3. Die dritte, von den beiden vorangegangenen Fragen nochmals gut zu unterscheidende, ist die Frage nach der ethischen Grundlage über die Verfügung der Organe der hirntoten Menschen. Wem gehört der Leichnam? Er gehört nicht dem Arzt, er gehört aber auch nicht den Verwandten, er gehört nicht der Gesellschaft und nicht einer ihrer Institutionen (z.B. dem Krankenhaus). Aber er kann auch nicht mehr der Person gehören, die sich zu ihren Lebzeiten in diesem Leib dargestellt und verwirklicht hat. Der Leichnam gehört niemandem im Sinn von besitzrechtlichen Kategorien. Angesichts des Geheimnisses des Todes sind im Vergleich zu univok besitzrechtlichen Regelungen nur analoge Aussagen möglich. Um die Ehrfurcht, die wir dem Toten schulden gegen Mißbrauch zu schützen, können wir im finalen Sinn sagen: Der Leichnam gehört der Erde, er gehört pietätvoll begraben. Niemand hat also einen Rechtsanspruch auf die Organe eines anderen Menschen, auch nicht auf die Organe eines Toten. Organspende hingegen ist eine sinnvolle Möglichkeit und von Johannes Paul II. als Akt hoher Nächstenliebe gewürdigt worden (Evangelium Vitae Nr. 86). Aber Spende muß Spende bleiben.
Der Charakter der Spende kommt am deutlichsten zum Ausdruck, wenn ein Mensch zu Lebzeiten seine Bereitschaft ausdrücklich kundtut, daß er im Fall seines Todes einer Organentnahme zustimmt. Wenn der Tote aber zu Lebzeiten keine Verfügung für diesen Fall getroffen hat, dürfen dann die Angehörigen darüber verfügen oder darf gar die Bereitschaft zur postmortalen Organspende präsumiert werden, falls der Verstorbene keinen ausdrücklichen Widerspruch angemeldet hat? Rechtlich ist diese Frage in verschiedenen Ländern verschieden geregelt oder wird demnächst geregelt werden.
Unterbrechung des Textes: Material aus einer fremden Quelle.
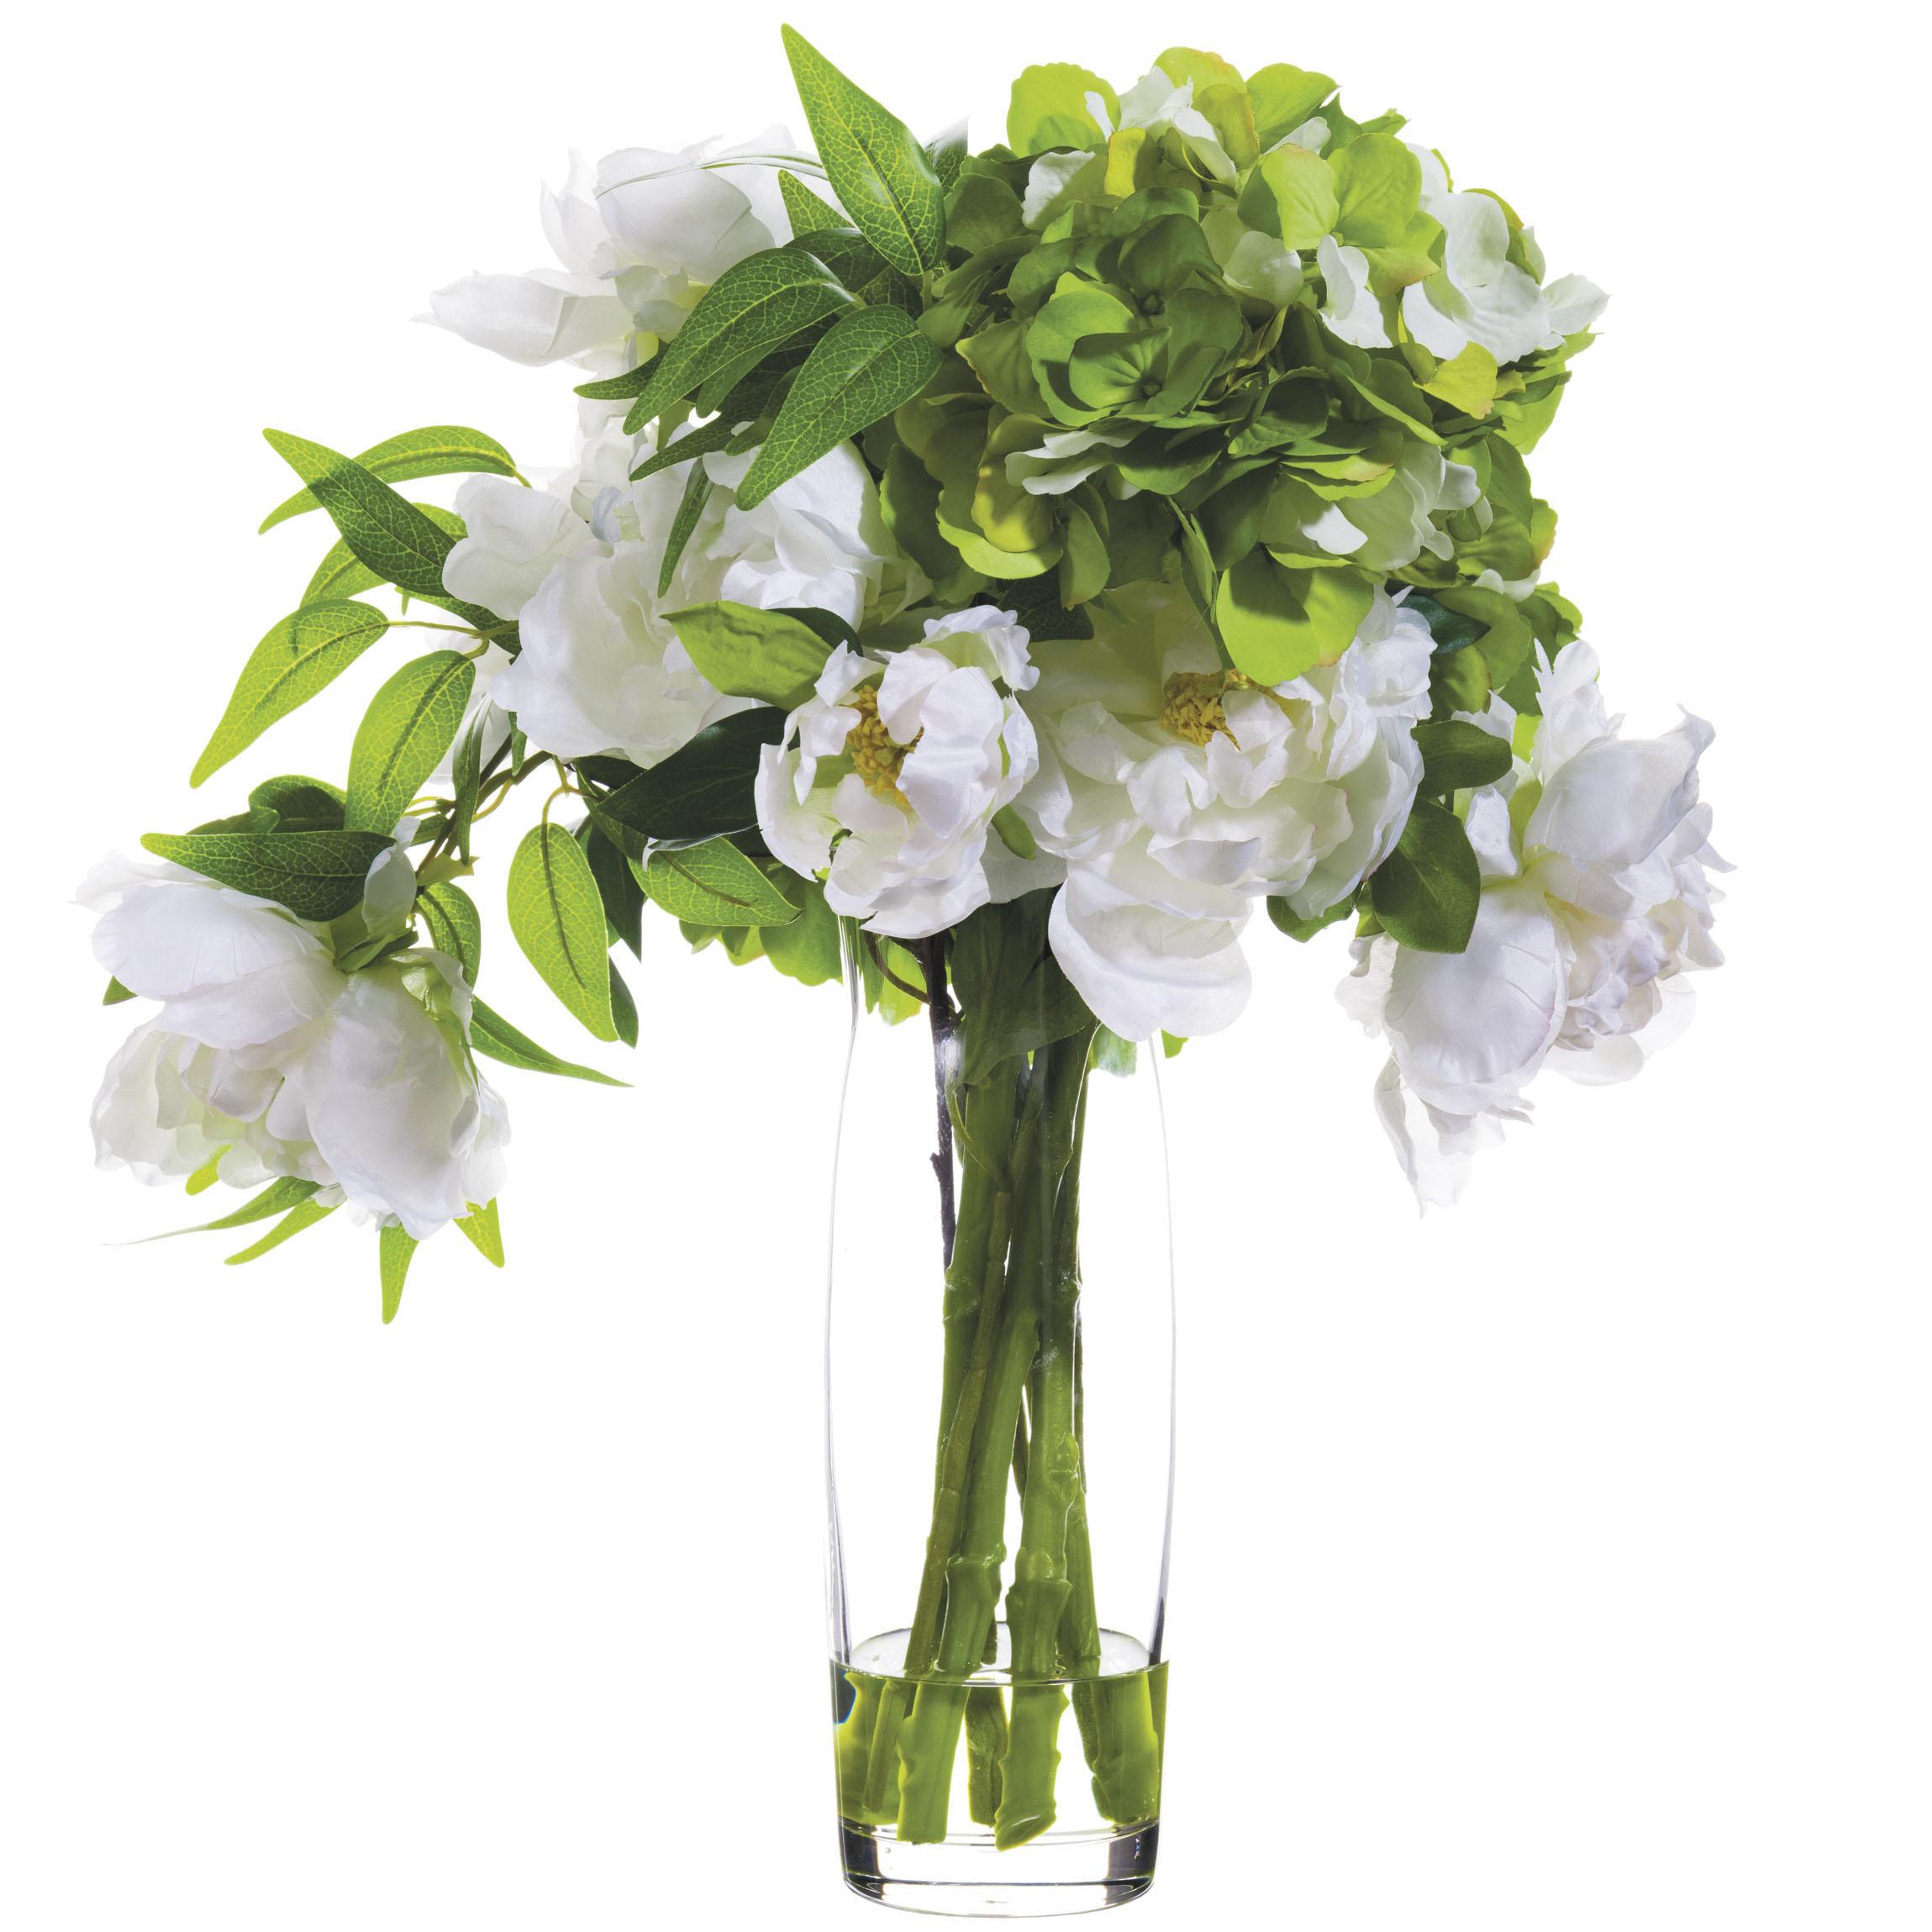 19 Inch Artificial White Hydrangea In Glass Vase

Als ethische Minimalbedingung muß festgehalten werden, daß Widerspruch möglich ist, damit Spende Spende bleibt und tote Menschen nicht zu Organlieferanten und Ersatzteillagern gegen ihren Willen werden.
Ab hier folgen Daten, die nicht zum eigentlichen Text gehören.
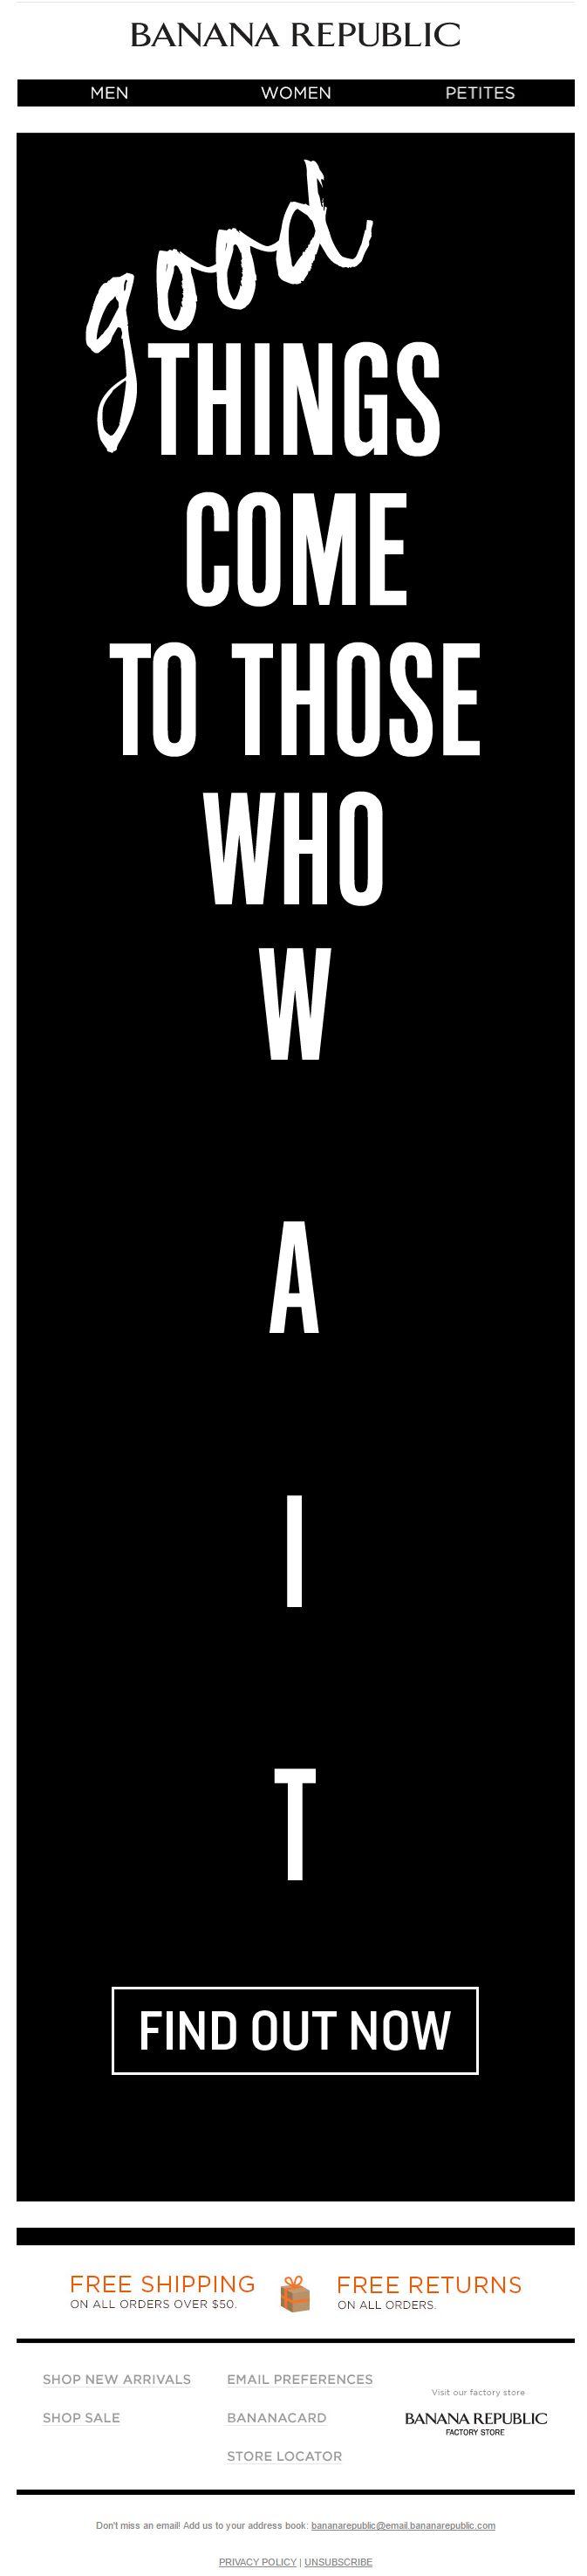 Banana Republic: the main motto is that good things happen when you really await them. But don't fully believe it. This СTA tempts to find out more right now! // Главный креатив кричит о том, что хорошие вещи случаются с теми, кто ждёт. Но не стоит ему верить, CTA внизу письма соблазняет узнать о них прямо сейчас! #emailmatrix #emailmonitoring #design #emailmarketing #email

Manche Länder kennen eine Widerspruchsregelung (Organe dürfen entnommen werden, wenn kein ausdrücklicher Widerspruch angemeldet wurde), manche eine enge Zustimmungsregelung (Organe dürfen nur entnommen werden, wenn jemand zu Lebzeiten ausdrücklich zugestimmt hat und einen Spender- ausweis bei sich trägt) und manche eine sogenannte erweiterte Zustimmungsregelung (Organe dürfen erst nach Zustimmung der Angehörigen entnommen werden, wenn zu Lebzeiten keine Verfügung getroffen worden ist). Das Votum der Angehörigen darf allerdings nicht als Verfügungsrecht verstanden werden, da keine volle Identität der Intentionen des Verstorbenen und der Angehörigen vorliegen muß und es oft auch schon Mißbrauch gegeben hat. Das Votum der Angehörigen ist nur insofern relevant, als diese glaubwürdig den Willen des Verstorbenen interpretieren können und insofern auf die Trauer der Angehörigen auch pietätvoll Rücksicht genommen werden muß.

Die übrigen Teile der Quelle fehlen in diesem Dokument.